DIRECTIONS FOR THIS TASK
All of the data must be written out verbatim, with pictures excluded.

DATA EXCERPT
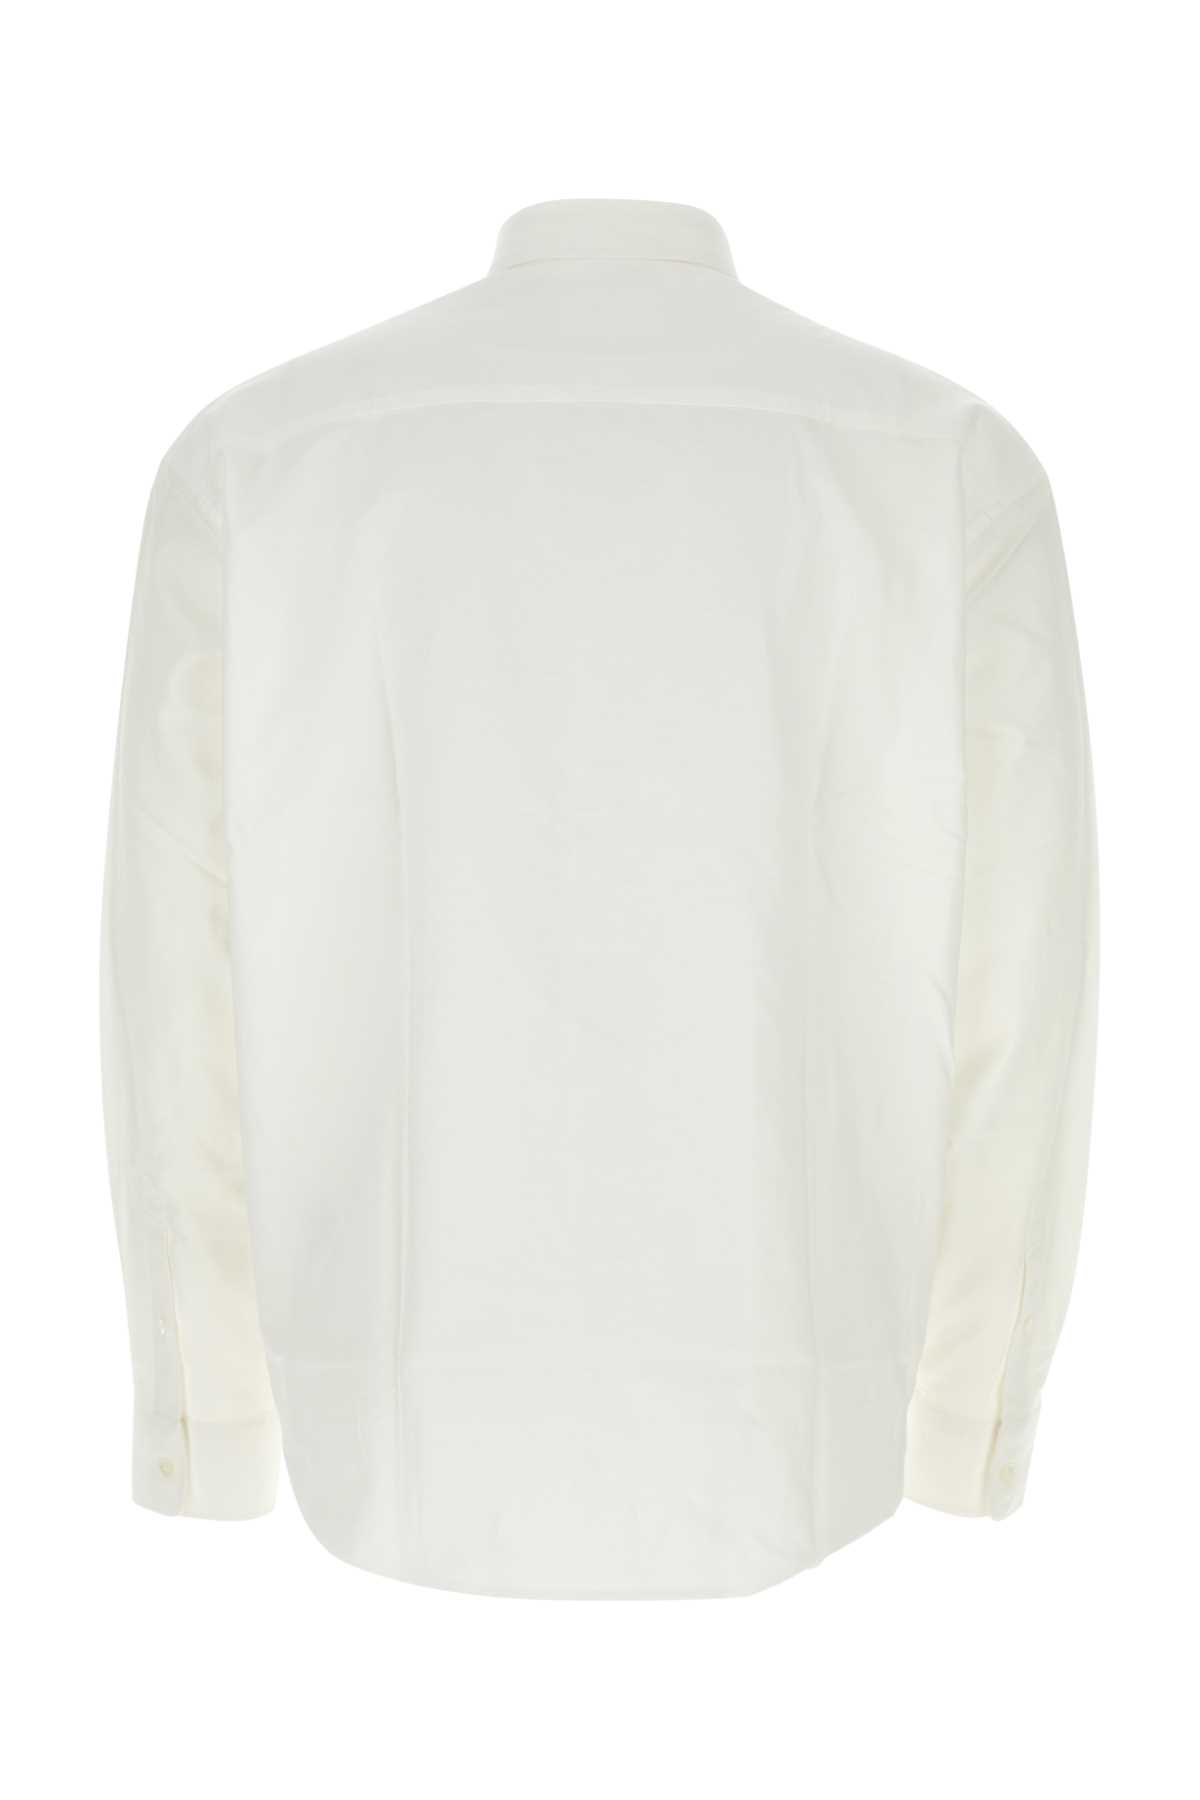 Ami Alexandre Mattiussi White Poplin Shirt In Naturalwhite
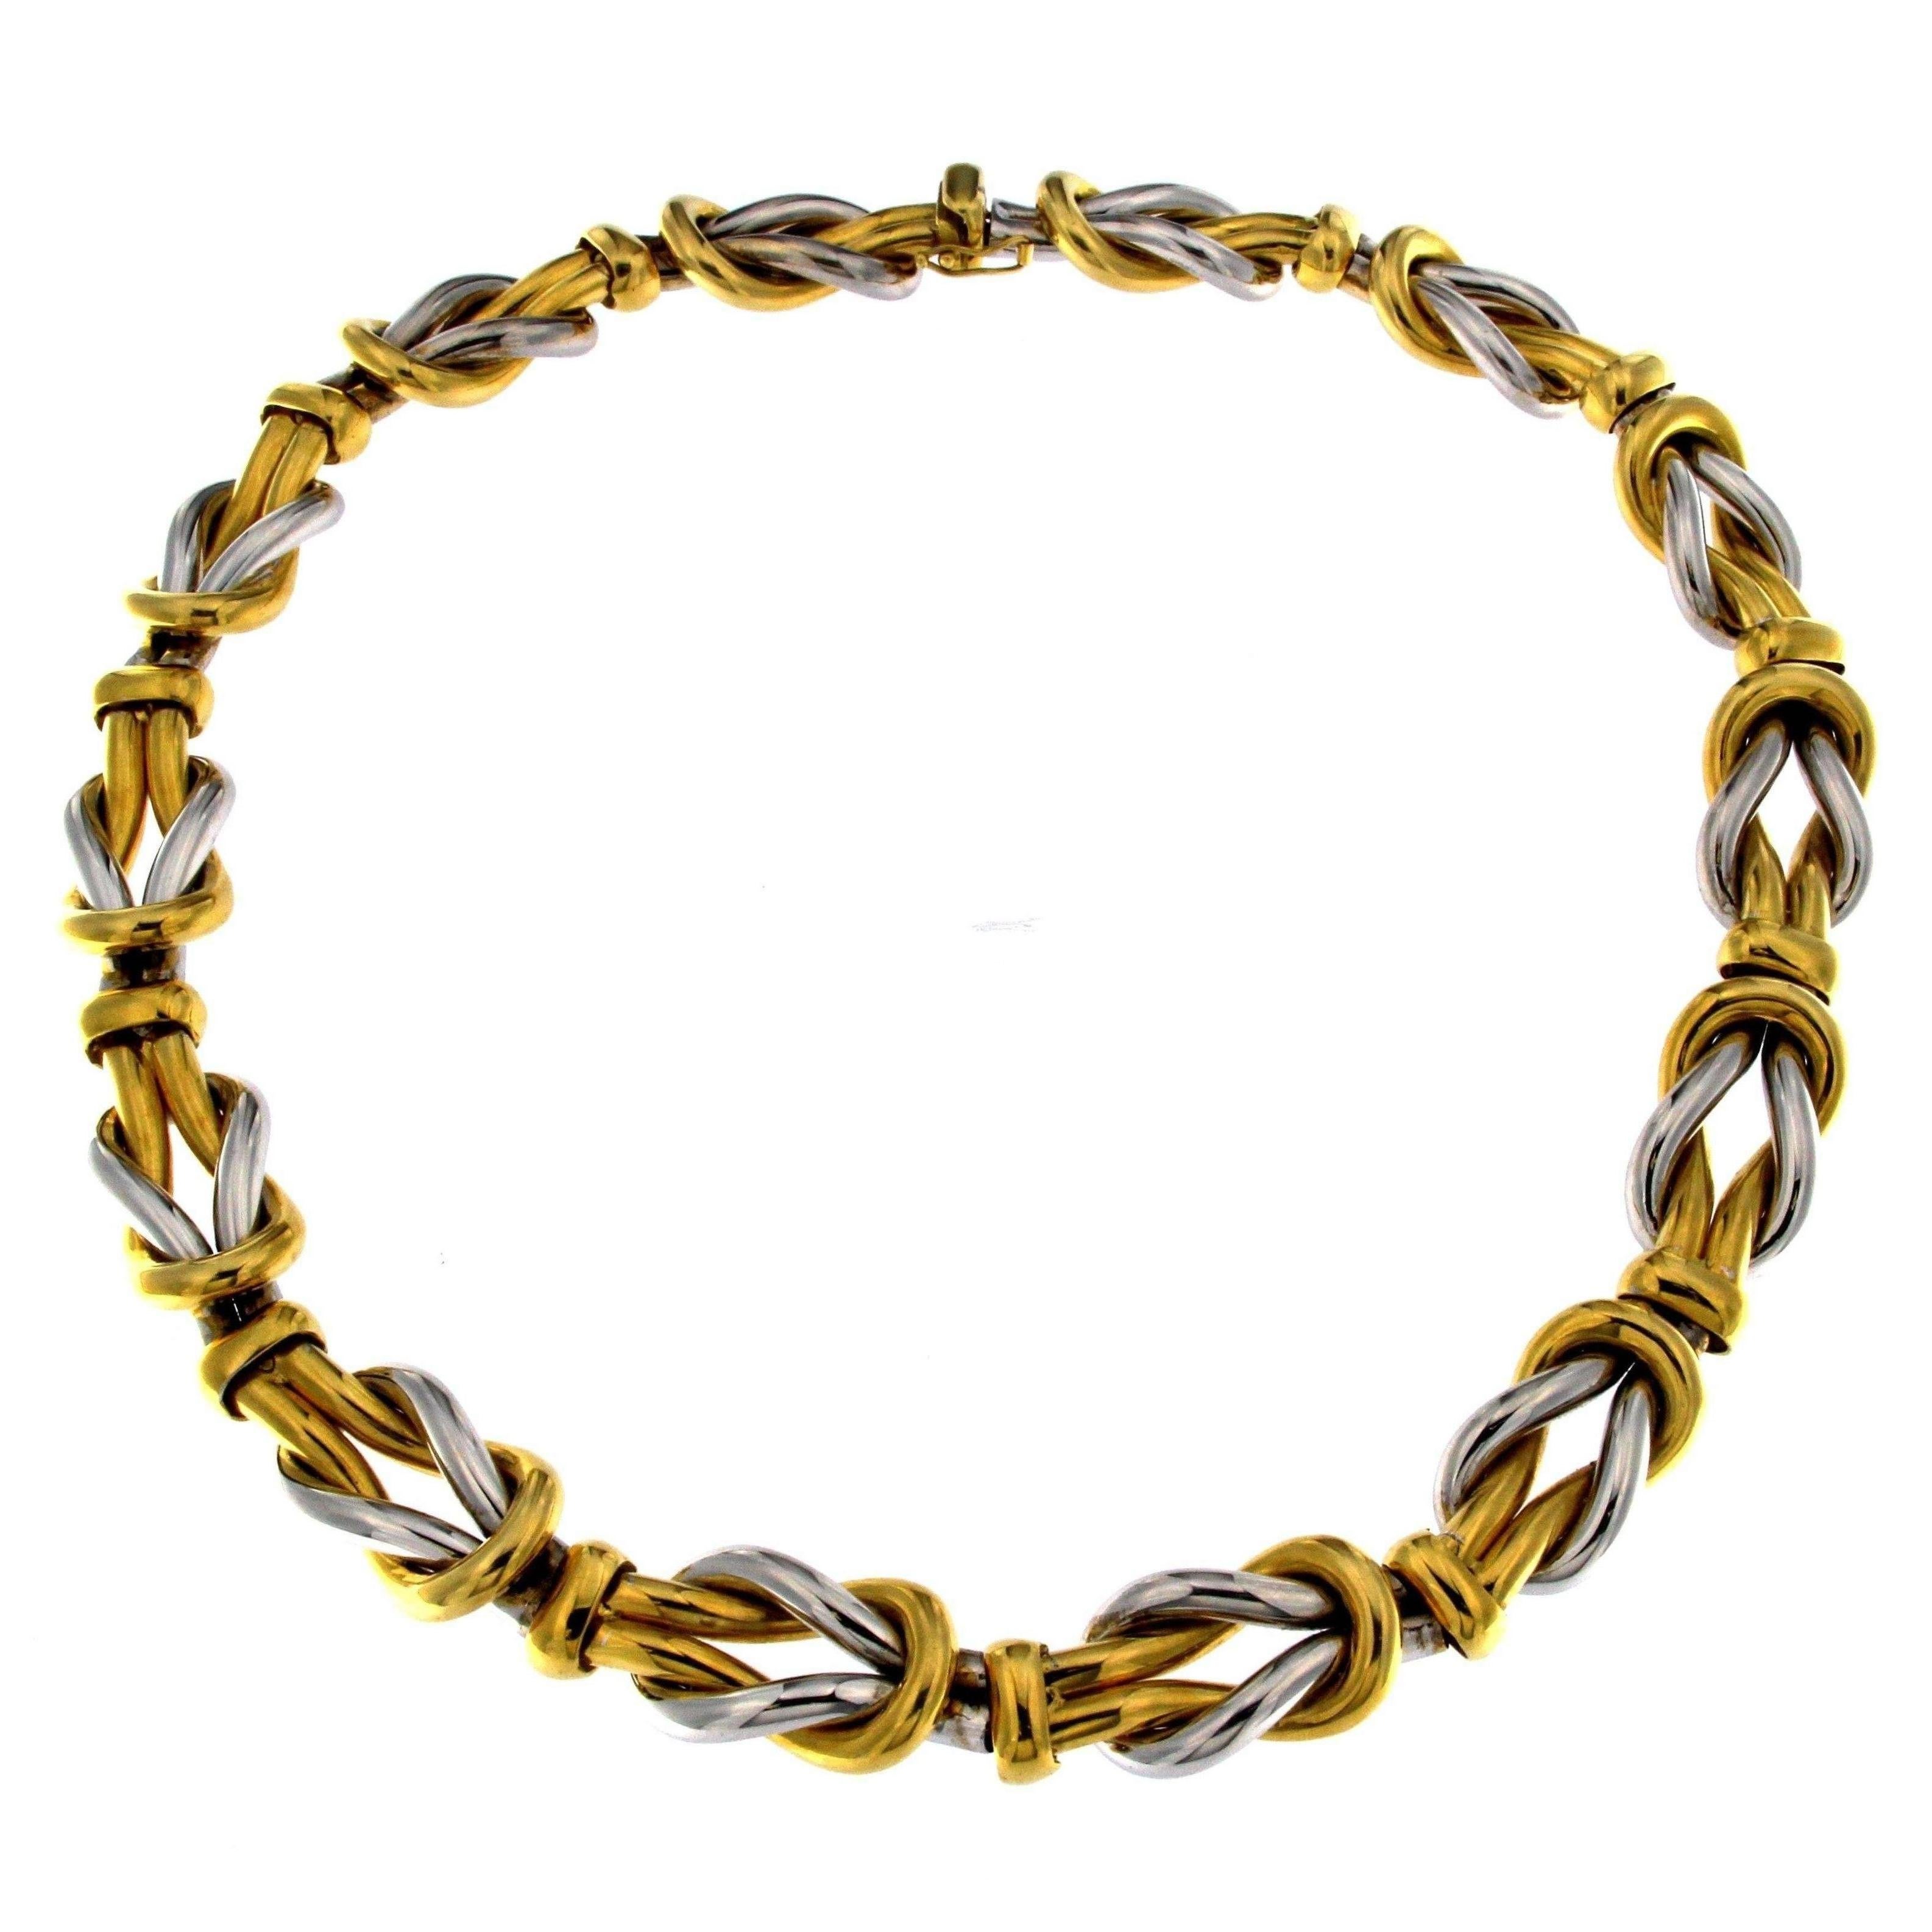 die Abwechslung von Gelbgold und Weißgold in der Abfolge der Knoten von großem Wert für das Design dieser Halskette, die sich für eine sportliche Garderobe, aber auch für besondere Anlässe eignet
Das Gesamtgewicht des Goldes beträgt 116,90 GR

WORKED SOLUTION
 Ami Alexandre Mattiussi White Poplin Shirt In Naturalwhite
 die Abwechslung von Gelbgold und Weißgold in der Abfolge der Knoten von großem Wert für das Design dieser Halskette, die sich für eine sportliche Garderobe, aber auch für besondere Anlässe eignet
Das Gesamtgewicht des Goldes beträgt 116,90 GR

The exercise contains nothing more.